EXERCISE DATA |
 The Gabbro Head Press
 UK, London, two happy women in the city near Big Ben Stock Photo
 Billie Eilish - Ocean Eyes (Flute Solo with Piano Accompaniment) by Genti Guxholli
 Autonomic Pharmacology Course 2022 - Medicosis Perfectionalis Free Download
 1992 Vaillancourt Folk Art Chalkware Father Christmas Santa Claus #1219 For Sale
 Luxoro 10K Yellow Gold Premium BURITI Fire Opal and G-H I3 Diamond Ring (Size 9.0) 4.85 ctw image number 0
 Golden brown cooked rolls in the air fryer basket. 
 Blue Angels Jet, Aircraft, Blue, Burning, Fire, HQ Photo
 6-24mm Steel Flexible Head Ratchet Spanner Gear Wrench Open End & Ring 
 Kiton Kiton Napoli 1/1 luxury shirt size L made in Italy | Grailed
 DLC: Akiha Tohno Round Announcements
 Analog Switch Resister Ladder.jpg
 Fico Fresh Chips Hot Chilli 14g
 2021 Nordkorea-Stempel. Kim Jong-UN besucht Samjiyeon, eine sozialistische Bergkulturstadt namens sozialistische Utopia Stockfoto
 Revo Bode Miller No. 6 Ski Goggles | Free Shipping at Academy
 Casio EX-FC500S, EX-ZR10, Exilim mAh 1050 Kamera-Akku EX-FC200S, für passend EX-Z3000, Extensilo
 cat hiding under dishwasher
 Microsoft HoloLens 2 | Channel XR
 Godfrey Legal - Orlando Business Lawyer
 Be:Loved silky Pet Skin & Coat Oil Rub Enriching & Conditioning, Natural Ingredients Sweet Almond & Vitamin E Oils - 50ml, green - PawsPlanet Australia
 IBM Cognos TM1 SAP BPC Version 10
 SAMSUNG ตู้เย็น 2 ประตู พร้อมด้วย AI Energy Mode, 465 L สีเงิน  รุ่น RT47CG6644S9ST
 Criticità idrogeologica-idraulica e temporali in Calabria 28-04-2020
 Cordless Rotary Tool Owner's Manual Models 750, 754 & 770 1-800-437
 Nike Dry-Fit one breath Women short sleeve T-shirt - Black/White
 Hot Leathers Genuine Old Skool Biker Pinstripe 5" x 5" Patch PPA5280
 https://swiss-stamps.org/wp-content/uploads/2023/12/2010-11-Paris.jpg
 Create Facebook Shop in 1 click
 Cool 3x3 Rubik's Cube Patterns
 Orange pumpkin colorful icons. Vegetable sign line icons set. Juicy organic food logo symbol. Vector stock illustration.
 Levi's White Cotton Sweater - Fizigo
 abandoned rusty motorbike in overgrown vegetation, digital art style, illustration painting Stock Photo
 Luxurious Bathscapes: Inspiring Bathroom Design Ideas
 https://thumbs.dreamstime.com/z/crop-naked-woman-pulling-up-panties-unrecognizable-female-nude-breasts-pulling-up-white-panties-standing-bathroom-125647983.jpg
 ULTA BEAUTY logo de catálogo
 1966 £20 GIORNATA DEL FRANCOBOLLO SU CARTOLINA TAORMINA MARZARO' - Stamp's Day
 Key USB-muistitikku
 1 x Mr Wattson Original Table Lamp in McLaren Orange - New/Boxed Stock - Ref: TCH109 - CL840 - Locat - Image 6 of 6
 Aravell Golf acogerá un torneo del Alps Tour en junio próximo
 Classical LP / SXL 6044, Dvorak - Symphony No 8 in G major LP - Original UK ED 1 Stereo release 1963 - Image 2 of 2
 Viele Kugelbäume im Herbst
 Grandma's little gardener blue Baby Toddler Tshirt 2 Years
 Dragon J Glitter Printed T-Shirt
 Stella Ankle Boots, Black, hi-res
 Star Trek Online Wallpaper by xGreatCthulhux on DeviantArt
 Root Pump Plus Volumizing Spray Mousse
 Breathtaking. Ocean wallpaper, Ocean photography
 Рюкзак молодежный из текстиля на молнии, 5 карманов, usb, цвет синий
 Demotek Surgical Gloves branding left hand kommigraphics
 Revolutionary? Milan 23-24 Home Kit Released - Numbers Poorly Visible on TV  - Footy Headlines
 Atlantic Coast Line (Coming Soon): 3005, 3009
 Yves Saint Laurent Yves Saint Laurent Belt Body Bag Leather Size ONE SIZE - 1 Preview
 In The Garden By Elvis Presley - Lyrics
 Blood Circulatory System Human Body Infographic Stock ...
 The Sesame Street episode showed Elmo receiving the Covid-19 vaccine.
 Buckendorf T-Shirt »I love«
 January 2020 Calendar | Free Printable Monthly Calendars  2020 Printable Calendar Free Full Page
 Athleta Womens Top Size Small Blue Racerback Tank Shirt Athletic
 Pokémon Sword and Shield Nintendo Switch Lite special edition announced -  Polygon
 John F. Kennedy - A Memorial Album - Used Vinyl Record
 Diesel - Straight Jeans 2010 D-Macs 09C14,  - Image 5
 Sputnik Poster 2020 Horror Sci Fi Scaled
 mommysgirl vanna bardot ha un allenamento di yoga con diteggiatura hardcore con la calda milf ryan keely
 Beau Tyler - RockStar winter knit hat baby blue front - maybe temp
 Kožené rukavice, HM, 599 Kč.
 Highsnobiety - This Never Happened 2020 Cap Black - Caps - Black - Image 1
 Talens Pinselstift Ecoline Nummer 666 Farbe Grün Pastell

GOAL OF THE EXERCISE | When you transcribe the listing, make each line match the original exactly.

ANSWER TO THIS PROBLEM |
 The Gabbro Head Press
 UK, London, two happy women in the city near Big Ben Stock Photo
 Billie Eilish - Ocean Eyes (Flute Solo with Piano Accompaniment) by Genti Guxholli
 Autonomic Pharmacology Course 2022 - Medicosis Perfectionalis Free Download
 1992 Vaillancourt Folk Art Chalkware Father Christmas Santa Claus #1219 For Sale
 Luxoro 10K Yellow Gold Premium BURITI Fire Opal and G-H I3 Diamond Ring (Size 9.0) 4.85 ctw image number 0
 Golden brown cooked rolls in the air fryer basket. 
 Blue Angels Jet, Aircraft, Blue, Burning, Fire, HQ Photo
 6-24mm Steel Flexible Head Ratchet Spanner Gear Wrench Open End & Ring 
 Kiton Kiton Napoli 1/1 luxury shirt size L made in Italy | Grailed
 DLC: Akiha Tohno Round Announcements
 Analog Switch Resister Ladder.jpg
 Fico Fresh Chips Hot Chilli 14g
 2021 Nordkorea-Stempel. Kim Jong-UN besucht Samjiyeon, eine sozialistische Bergkulturstadt namens sozialistische Utopia Stockfoto
 Revo Bode Miller No. 6 Ski Goggles | Free Shipping at Academy
 Casio EX-FC500S, EX-ZR10, Exilim mAh 1050 Kamera-Akku EX-FC200S, für passend EX-Z3000, Extensilo
 cat hiding under dishwasher
 Microsoft HoloLens 2 | Channel XR
 Godfrey Legal - Orlando Business Lawyer
 Be:Loved silky Pet Skin & Coat Oil Rub Enriching & Conditioning, Natural Ingredients Sweet Almond & Vitamin E Oils - 50ml, green - PawsPlanet Australia
 IBM Cognos TM1 SAP BPC Version 10
 SAMSUNG ตู้เย็น 2 ประตู พร้อมด้วย AI Energy Mode, 465 L สีเงิน  รุ่น RT47CG6644S9ST
 Criticità idrogeologica-idraulica e temporali in Calabria 28-04-2020
 Cordless Rotary Tool Owner's Manual Models 750, 754 & 770 1-800-437
 Nike Dry-Fit one breath Women short sleeve T-shirt - Black/White
 Hot Leathers Genuine Old Skool Biker Pinstripe 5" x 5" Patch PPA5280
 https://swiss-stamps.org/wp-content/uploads/2023/12/2010-11-Paris.jpg
 Create Facebook Shop in 1 click
 Cool 3x3 Rubik's Cube Patterns
 Orange pumpkin colorful icons. Vegetable sign line icons set. Juicy organic food logo symbol. Vector stock illustration.
 Levi's White Cotton Sweater - Fizigo
 abandoned rusty motorbike in overgrown vegetation, digital art style, illustration painting Stock Photo
 Luxurious Bathscapes: Inspiring Bathroom Design Ideas
 https://thumbs.dreamstime.com/z/crop-naked-woman-pulling-up-panties-unrecognizable-female-nude-breasts-pulling-up-white-panties-standing-bathroom-125647983.jpg
 ULTA BEAUTY logo de catálogo
 1966 £20 GIORNATA DEL FRANCOBOLLO SU CARTOLINA TAORMINA MARZARO' - Stamp's Day
 Key USB-muistitikku
 1 x Mr Wattson Original Table Lamp in McLaren Orange - New/Boxed Stock - Ref: TCH109 - CL840 - Locat - Image 6 of 6
 Aravell Golf acogerá un torneo del Alps Tour en junio próximo
 Classical LP / SXL 6044, Dvorak - Symphony No 8 in G major LP - Original UK ED 1 Stereo release 1963 - Image 2 of 2
 Viele Kugelbäume im Herbst
 Grandma's little gardener blue Baby Toddler Tshirt 2 Years
 Dragon J Glitter Printed T-Shirt
 Stella Ankle Boots, Black, hi-res
 Star Trek Online Wallpaper by xGreatCthulhux on DeviantArt
 Root Pump Plus Volumizing Spray Mousse
 Breathtaking. Ocean wallpaper, Ocean photography
 Рюкзак молодежный из текстиля на молнии, 5 карманов, usb, цвет синий
 Demotek Surgical Gloves branding left hand kommigraphics
 Revolutionary? Milan 23-24 Home Kit Released - Numbers Poorly Visible on TV  - Footy Headlines
 Atlantic Coast Line (Coming Soon): 3005, 3009
 Yves Saint Laurent Yves Saint Laurent Belt Body Bag Leather Size ONE SIZE - 1 Preview
 In The Garden By Elvis Presley - Lyrics
 Blood Circulatory System Human Body Infographic Stock ...
 The Sesame Street episode showed Elmo receiving the Covid-19 vaccine.
 Buckendorf T-Shirt »I love«
 January 2020 Calendar | Free Printable Monthly Calendars  2020 Printable Calendar Free Full Page
 Athleta Womens Top Size Small Blue Racerback Tank Shirt Athletic
 Pokémon Sword and Shield Nintendo Switch Lite special edition announced -  Polygon
 John F. Kennedy - A Memorial Album - Used Vinyl Record
 Diesel - Straight Jeans 2010 D-Macs 09C14,  - Image 5
 Sputnik Poster 2020 Horror Sci Fi Scaled
 mommysgirl vanna bardot ha un allenamento di yoga con diteggiatura hardcore con la calda milf ryan keely
 Beau Tyler - RockStar winter knit hat baby blue front - maybe temp
 Kožené rukavice, HM, 599 Kč.
 Highsnobiety - This Never Happened 2020 Cap Black - Caps - Black - Image 1
 Talens Pinselstift Ecoline Nummer 666 Farbe Grün Pastell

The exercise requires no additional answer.